# Lost its head!



## acerbity (Aug 17, 2008)

I have two adult female Texas Unicorns. One ate all the crickets I had dumped in, so the other decided to eat her!

She ate the head, arms, and two legs.

All that is left is the long thorax, a plump abdomen, and two legs.

The mantid has been alive for 3+ days now.

When I pick her up by the two remaining legs, she squeems and goes into a threat display with the wings.

I'm interested in seeing how long it survives with no head, as it was very well fed before this happened.

She isn't feeling any discomfort if she has no head, right?


----------



## idolomantis (Aug 17, 2008)

O_O omg.. must be a very weird creature now...


----------



## Rick (Aug 17, 2008)

That's why you don't keep mantids together, especially not hungry adult females. Interesting how they can live without a head for awhile.


----------



## The_Asa (Aug 17, 2008)

That is really weird. It reminds of people who have lost a limb. Sometimes, even though the limb is not there, they can feel the presence of it, even have urges to scratch it :lol:


----------



## JennMantis (Aug 17, 2008)

That's very interesting... I have read about males continuing to mate without their heads, but I don't know how long they survive afterwards.


----------



## idolomantis (Aug 17, 2008)

it will survive just as long as it would without food.


----------



## randyardvark (Aug 17, 2008)

pictures? a video?


----------



## TylerFerretLord (Aug 17, 2008)

She'll live until she either starves or dehydrates to death, most likely the latter.

Many insects can live after they've been decapitated, thanks to the way their nervous system is set up.

I agree, a vid would be really neat.


----------



## acerbity (Aug 17, 2008)

The only way I could transfer my phone vid is to use a program with an awful watermark.

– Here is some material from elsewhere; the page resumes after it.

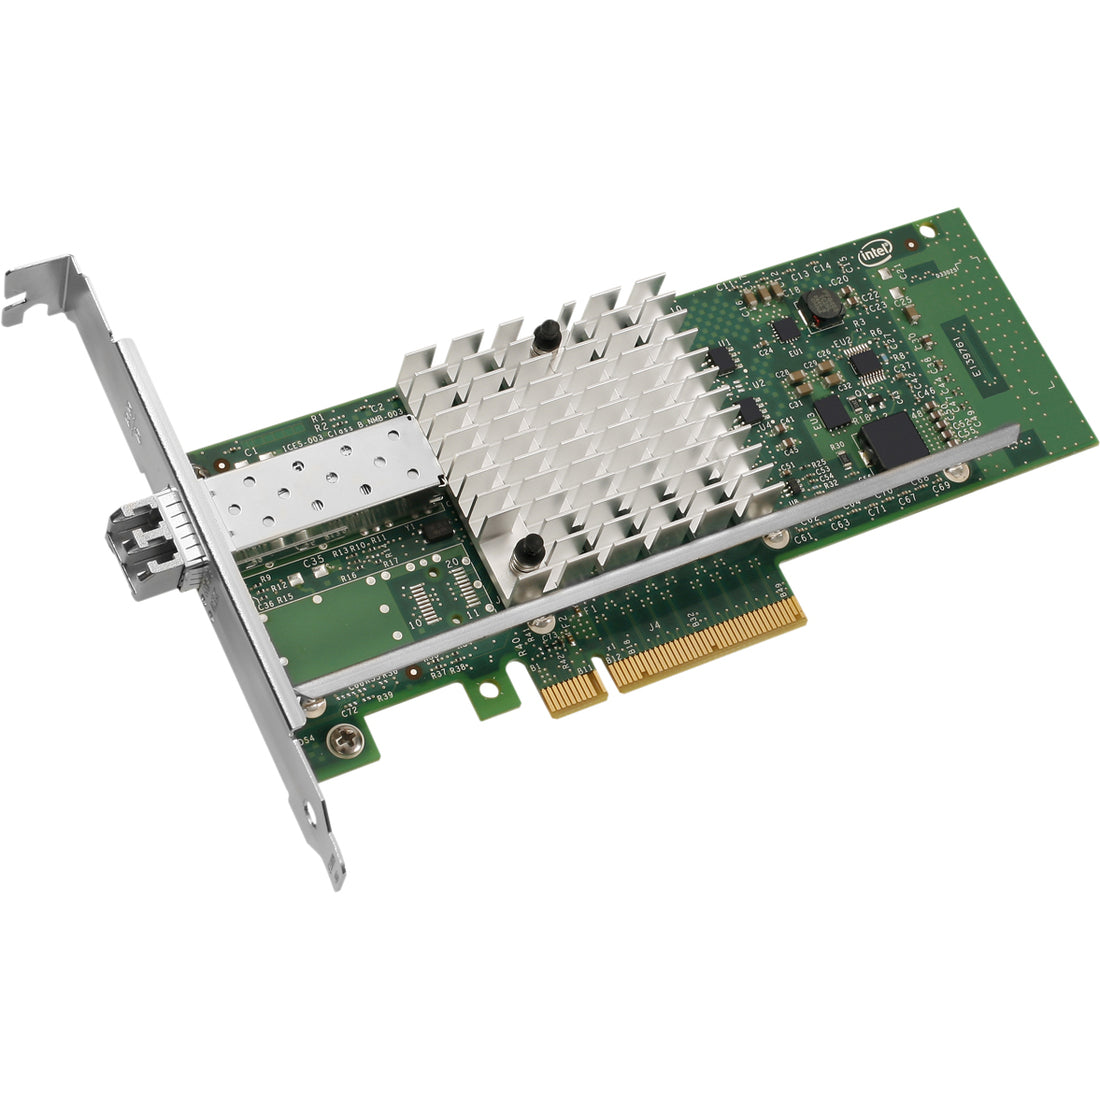 Accortec Ethernet 10 Gigabit Converged Network Adapter X520-SR1 - E10G41BFSR-ACC

here is the bluray quality video:


----------



## idolomantis (Aug 17, 2008)

i commented. and faved. and rated. and watched.


----------



## collinchang635 (Aug 18, 2008)

Thats really weird. Is the poor mantid suffering?


----------



## acerbity (Aug 19, 2008)

Update: still alive, but just barely. I think that makes it about 5 days.


----------



## tnienhaus (Aug 20, 2008)

that's crazy...tough little bugger....such a fighter....its too bad you cant still feed it


----------



## collinchang635 (Aug 21, 2008)

Can it even walk in a straight line?


----------



## TylerFerretLord (Aug 21, 2008)

I'm pretty sure it can't even stand up from the video.


----------



## collinchang635 (Aug 22, 2008)

TylerFerretLord said:


> I'm pretty sure it can't even stand up from the video.


I guess you're right. From the video, when he put it down it couldn't stand. Poor thing


----------



## TylerFerretLord (Aug 22, 2008)

She's been alive for what, 8 days now? She'll probably go soon, if she hasn't already.

Most insects will last about a week after losing their head. Weird, considering how long they can go without eating, but I suppose the 'brain' they have controls some aspect of homeostasis, and the loss of that is what does them in. Now I need to look this up or it'll bother me.  

Please keep us updated, it's very interesting.


----------



## harryallard (Aug 22, 2008)

:blink:


----------



## acerbity (Aug 22, 2008)

I checked last night, and I'm pretty sure there is no life left in her.

My last post where she was still kicking a little is how long she was alive, give or take, so I'd say 5 days.


----------